Back to our topic. Analytics measure “how much”. In addition, you need to be measuring how readers feel. It’s not a great situation to have a lot of consumers posting and sharing negative things about your brand. If you’re only measuring how much activity, that might look like a win. At the most simple level, you should be paying attention to comments and posts. There are free tools available to locate and compile this information.
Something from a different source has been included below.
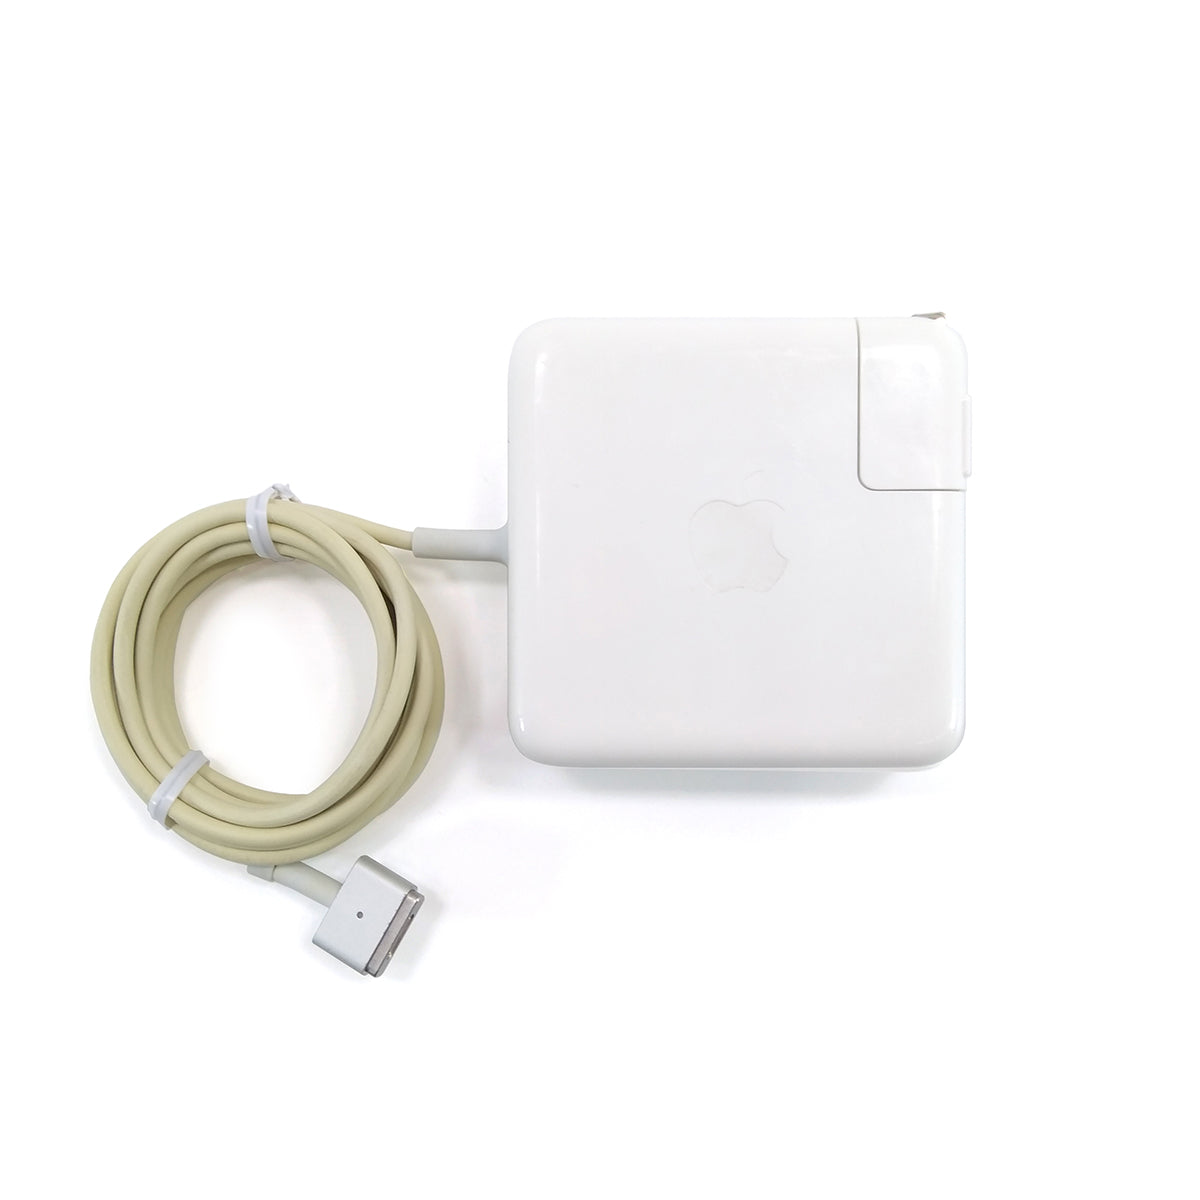 中古品】Apple 60W MagSafe 2電源アダプタ [A_MD565J/A] – 秋葉館

You can then do your own sentiment analysis or use a tool to do so if the volume is just too great (a good problem to have!).

Finally, you should try to understand how many of the people who follow you on one platform are also tracking you on others.  These “superfans” are probably your best targets and the ability to identify them in order to reward their loyalty is a massively impactful bit of research.  You can’t ignore the analytics most platforms offer as well.  They can help in understanding not only who your audience is but what resonates with them (and that’s really true if you can add the dark social shares discussed earlier).

Wha to measure?  I’m not going to tell you since whatever it is needs to reflect your business goals and the tactics you’ve taken.  There is a pretty good list in this article to help your thinking but I’d urge you to get beyond the quantitative things such as “likes” or “followers” and more into the qualitative things such as engagement.  What’s important is that you not just throw your social efforts out into the digital ozone.  OK?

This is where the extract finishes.